Doubtless this, in turn, will give place to other novelties.
A Chinese lady, Doctor Ya Mei-kin, who has been educated in America,
adopted while there the American attire, but as soon as she returned to China
she resumed her own native dress. Let us hear what she has to say
on this subject. Speaking of Western civilization she said:
"If we keep our own mode of life it is not for the sake of blind conservatism.
We are more logical in our ways than the average European imagines.
I wear for instance this `ao' dress as you see, cut in one piece
and allowing the limbs free play -- because it is manifestly
a more rational and comfortable attire than your fashionable skirt from Paris.

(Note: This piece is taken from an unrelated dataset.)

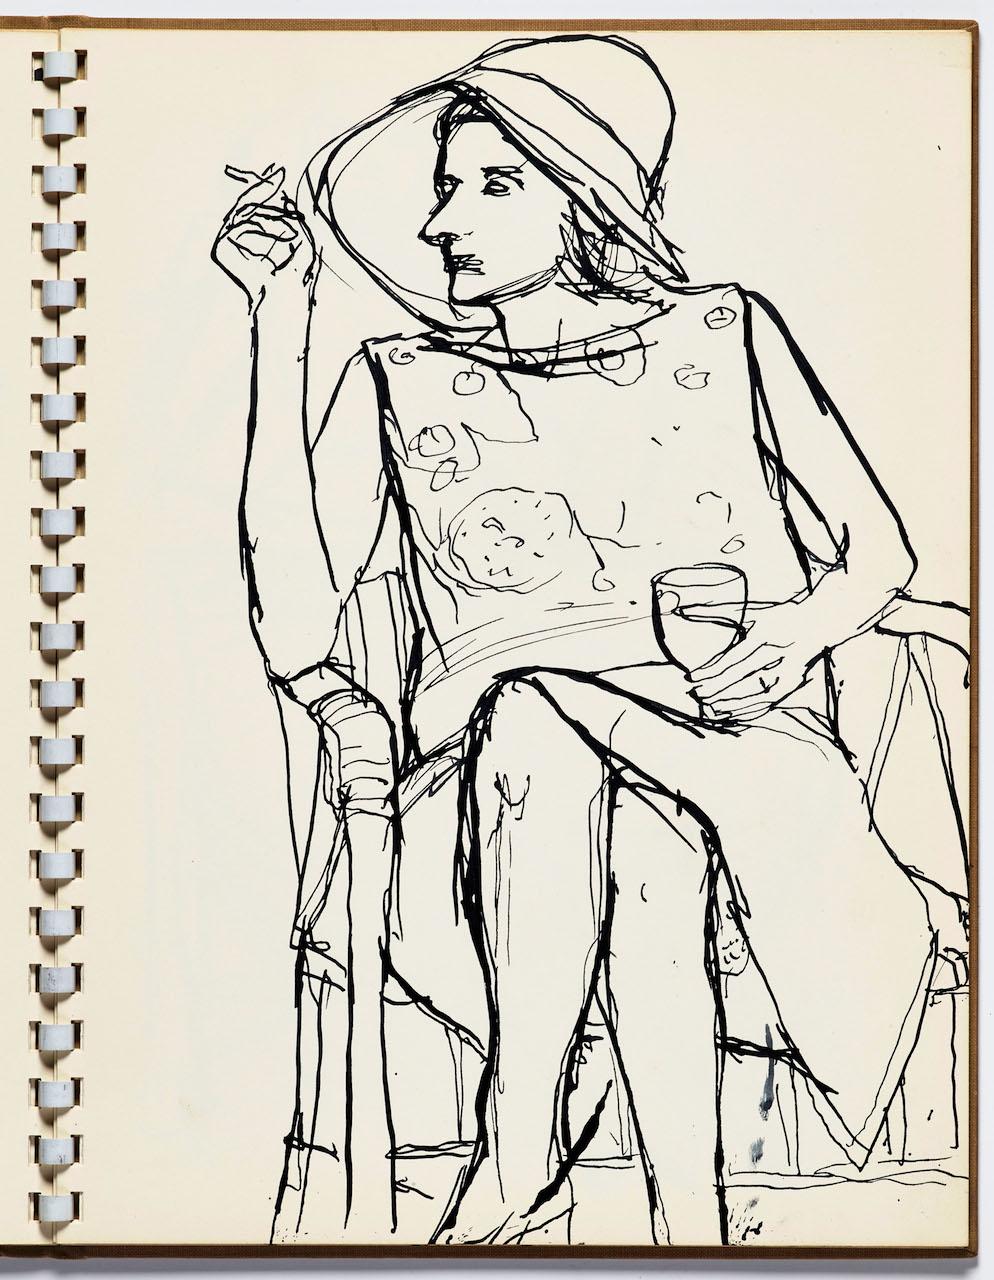 Richard Diebenkorn, Untitled from Sketchbook #13, page 13 (1965 66), pen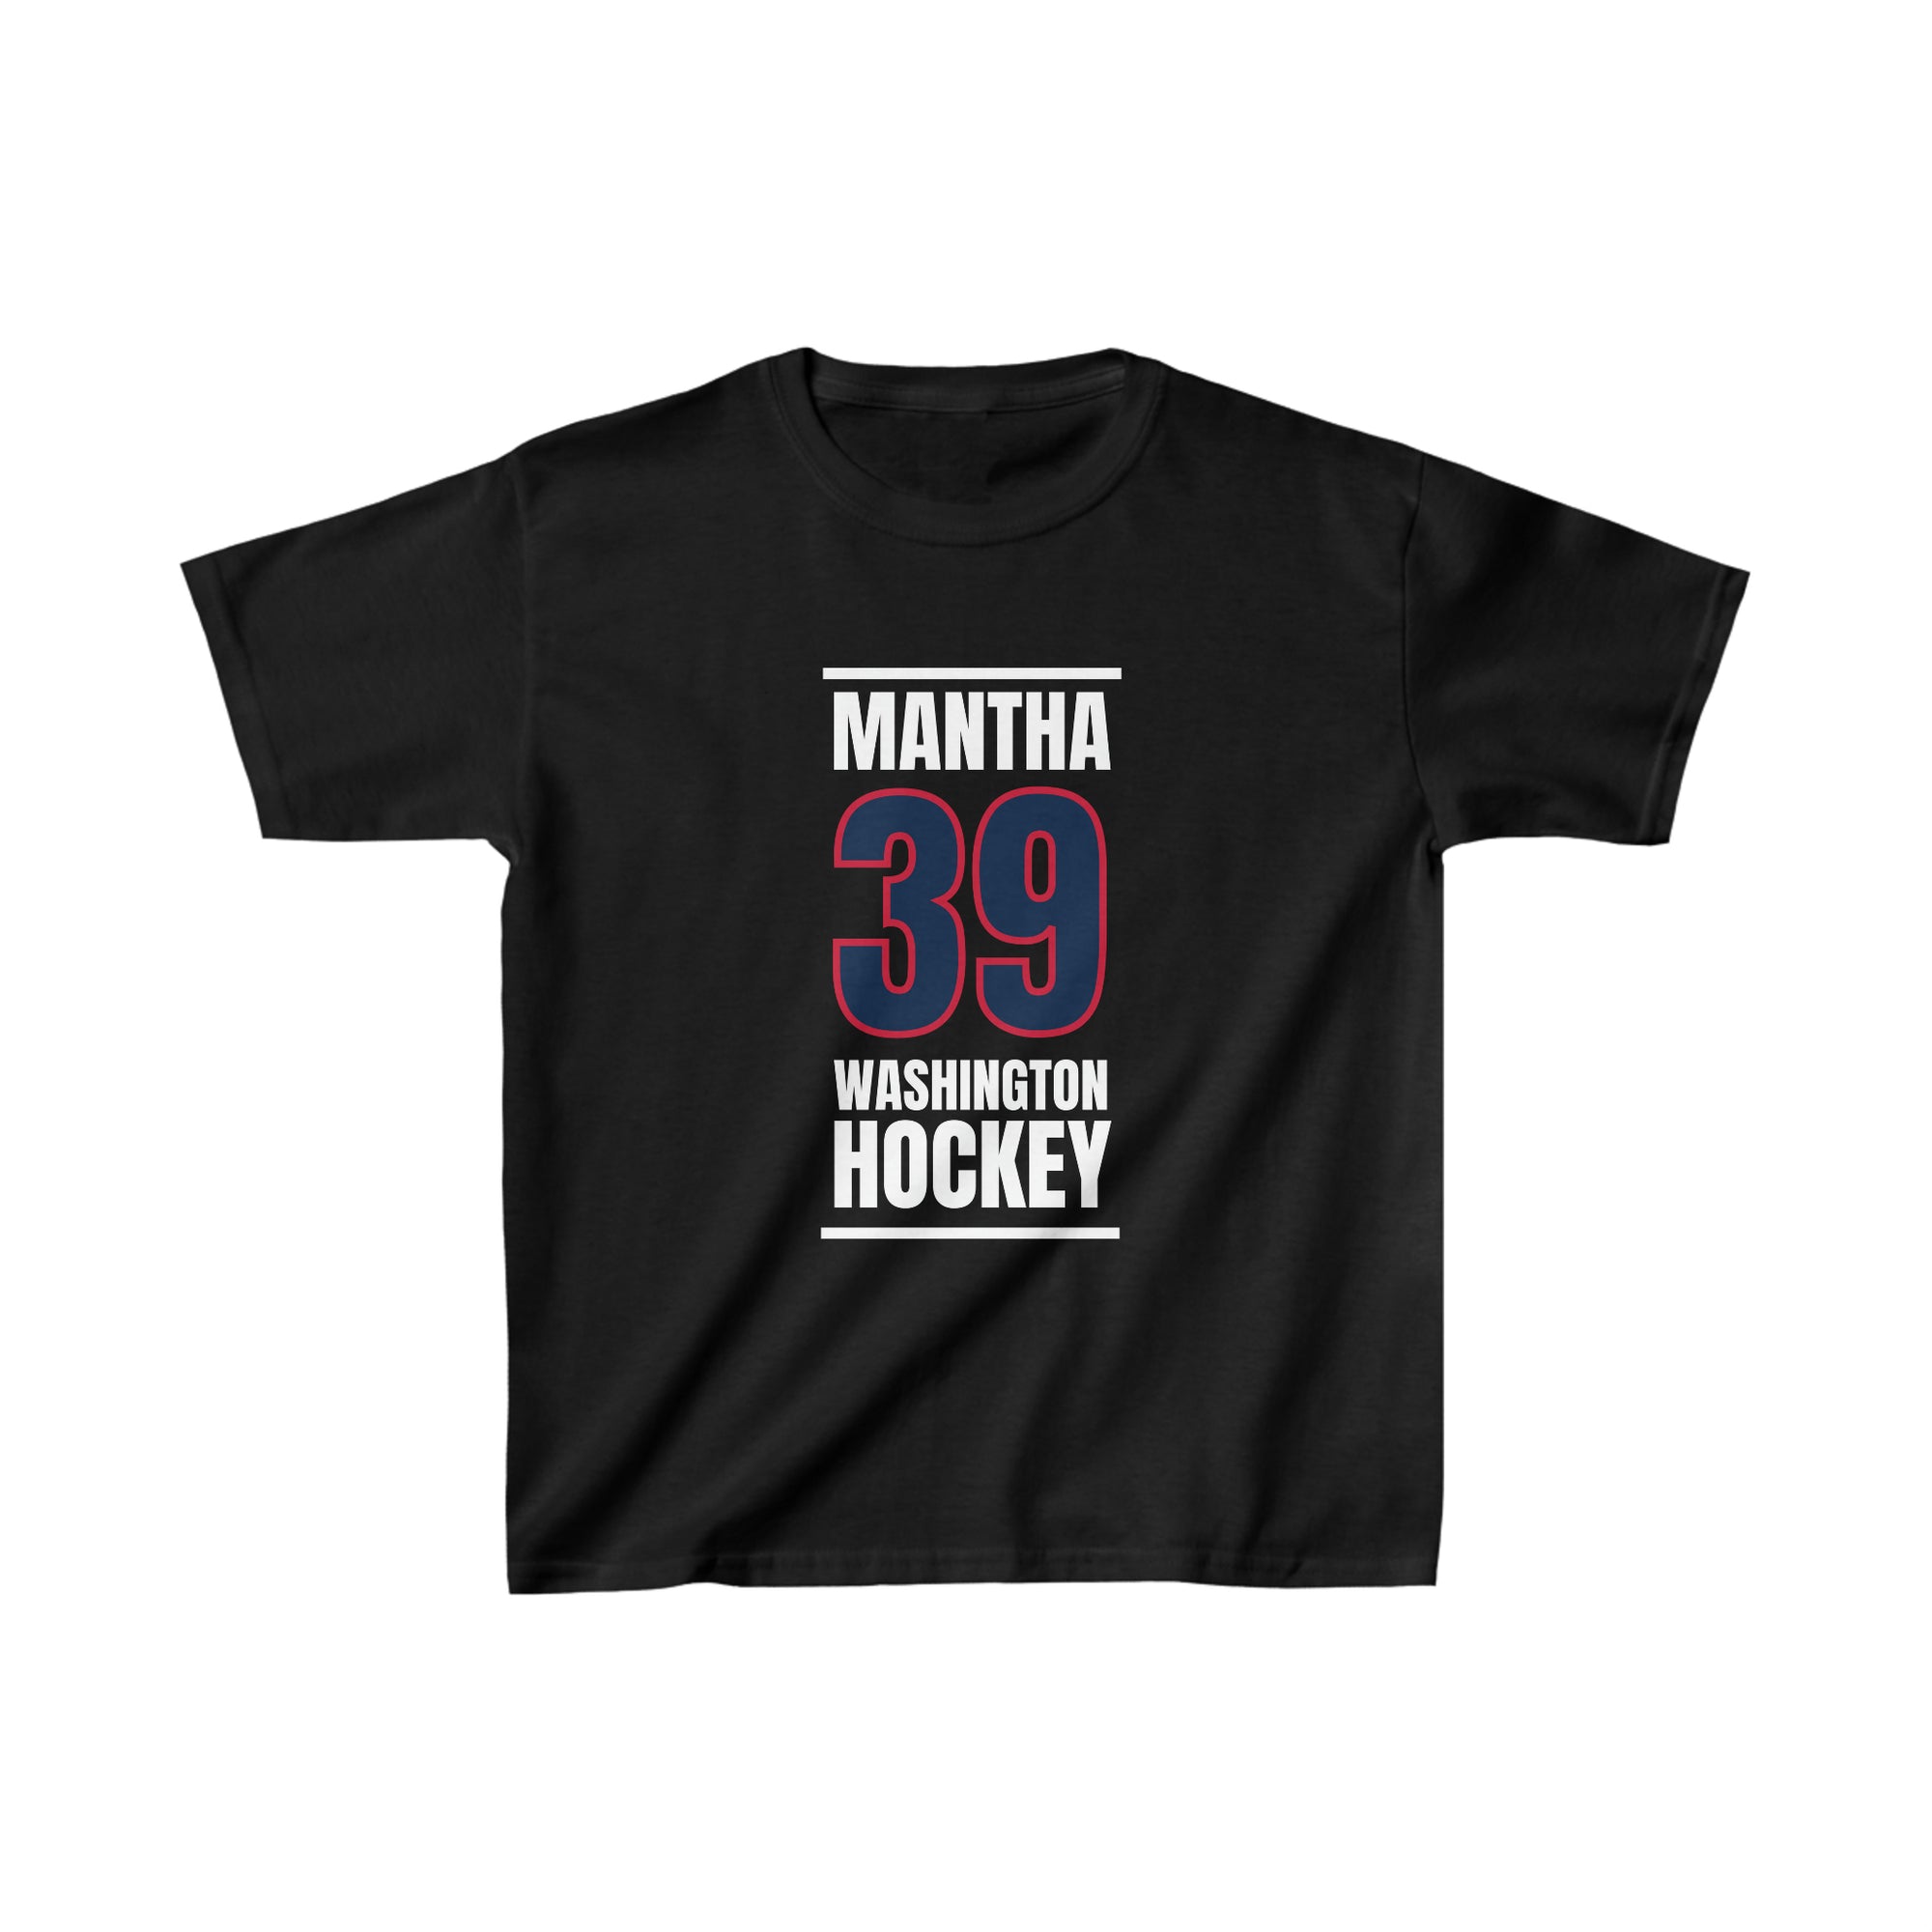 Mantha 39 Washington Hockey Navy Vertical Design Kids Tee

On the other hand we are ready to assimilate such notions from the West
as will really prove beneficial to us." Beauty is a matter of education:
when you have become accustomed to anything, however quaint or queer,
you will not think it so after a while. When I first went abroad
and saw young girls going about in the streets with their hair falling loose
over their shoulders, I was a little shocked. I thought how careless
their parents must be to allow their girls to go out in that untidy state.
Later, finding that it was the fashion, I changed my mind,
until by degrees I came to think that it looked quite nice;
thus do conventionality and custom change one's opinions.
But it should be remembered that no custom or conventionality
which sanctions the distorting of nature, or which interferes with
the free exercise of any member of the body, can ever be called beautiful.